- WHAT TO WORK ON: Begin at the line below that has "January 2022 Critiques". Stop after the line that has "LÒ NƯỚNG 45L", repeating each line exactly and leaving out the pictures.
--- SOURCE RECORDS Enclosed Below ---
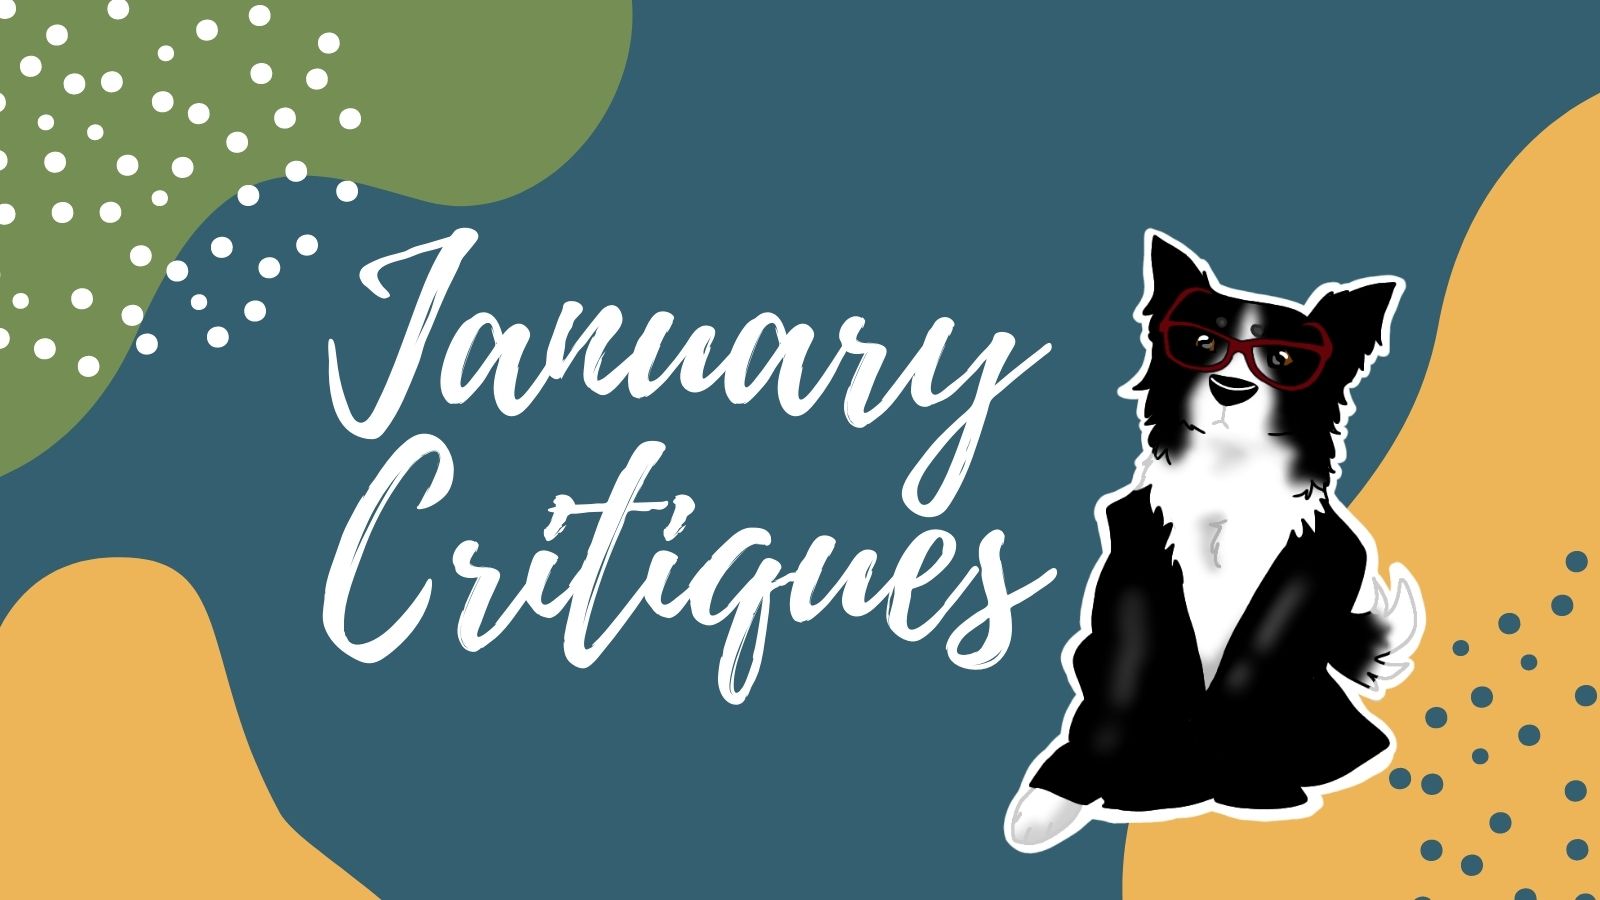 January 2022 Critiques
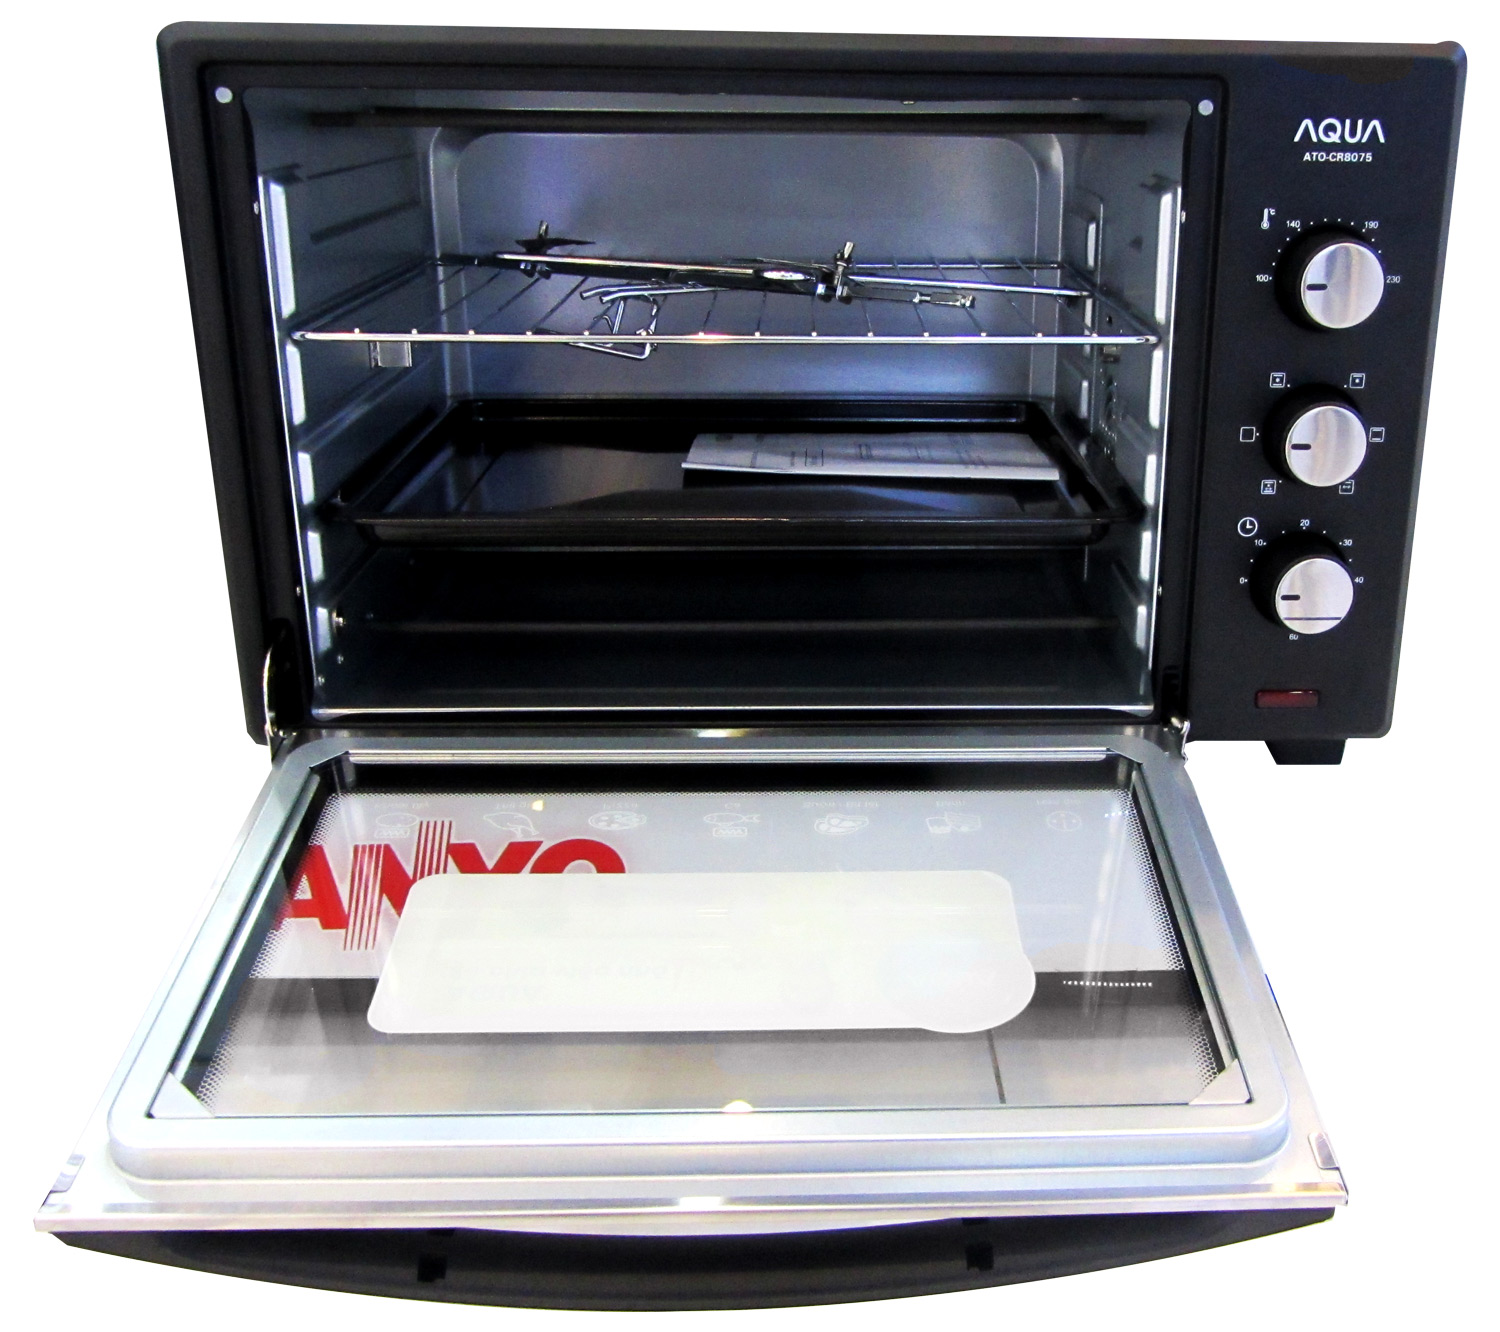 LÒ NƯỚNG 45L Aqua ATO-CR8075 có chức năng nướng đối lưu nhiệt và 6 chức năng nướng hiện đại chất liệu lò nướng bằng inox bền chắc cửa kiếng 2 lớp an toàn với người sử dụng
--- End of Enclosed SOURCE RECORDS ---
--- SOURCE RECORDS Enclosed Below ---
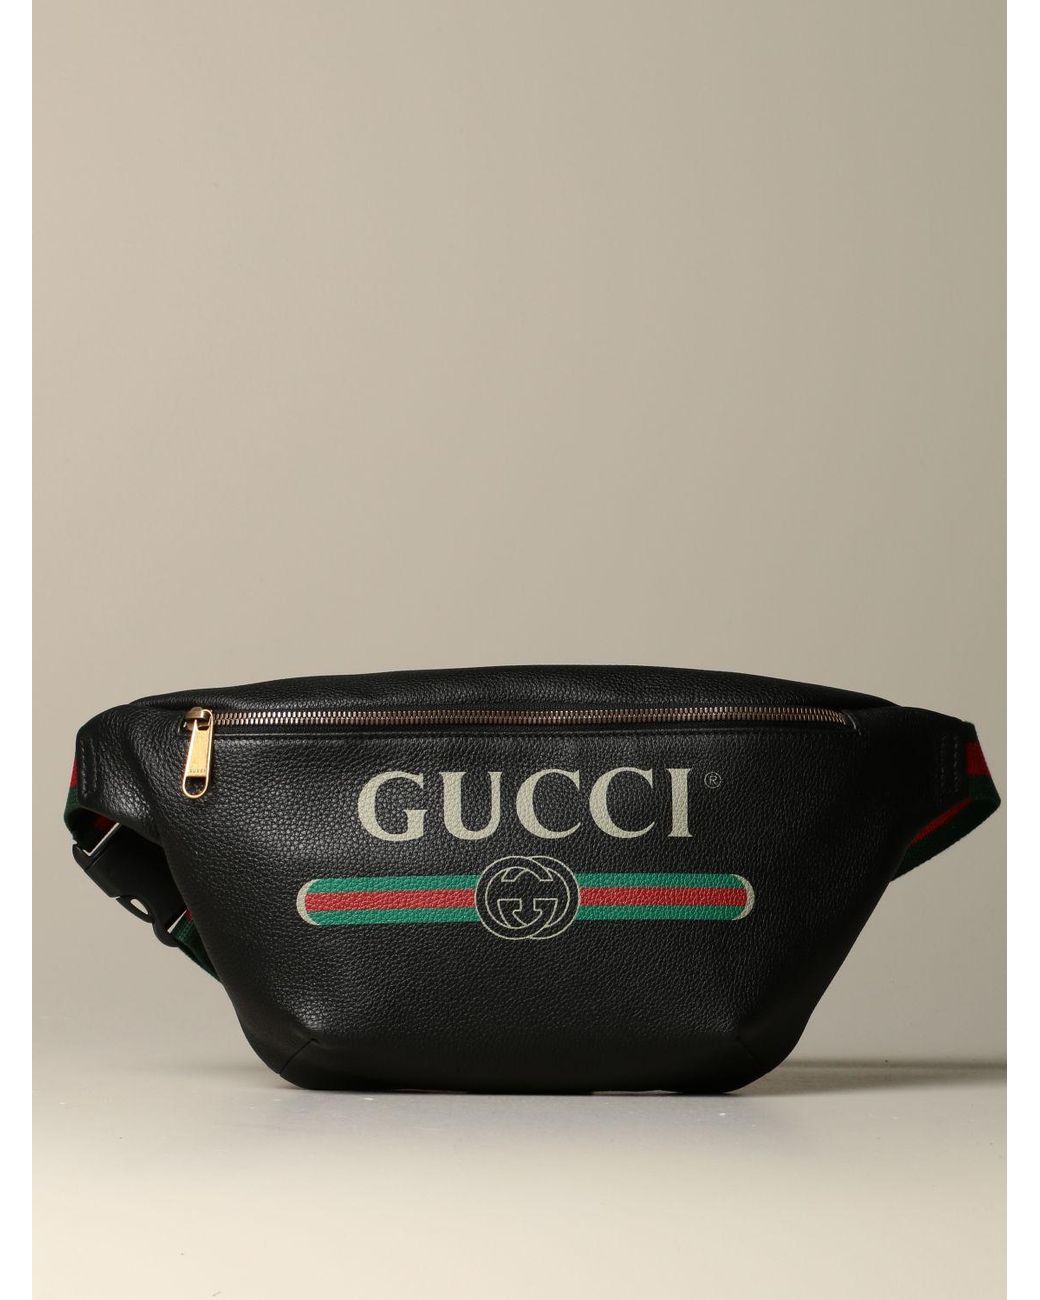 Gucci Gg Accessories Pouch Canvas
--- End of Enclosed SOURCE RECORDS ---
- ANSWER TO THIS EXERCISE:
 January 2022 Critiques
 LÒ NƯỚNG 45L Aqua ATO-CR8075 có chức năng nướng đối lưu nhiệt và 6 chức năng nướng hiện đại chất liệu lò nướng bằng inox bền chắc cửa kiếng 2 lớp an toàn với người sử dụng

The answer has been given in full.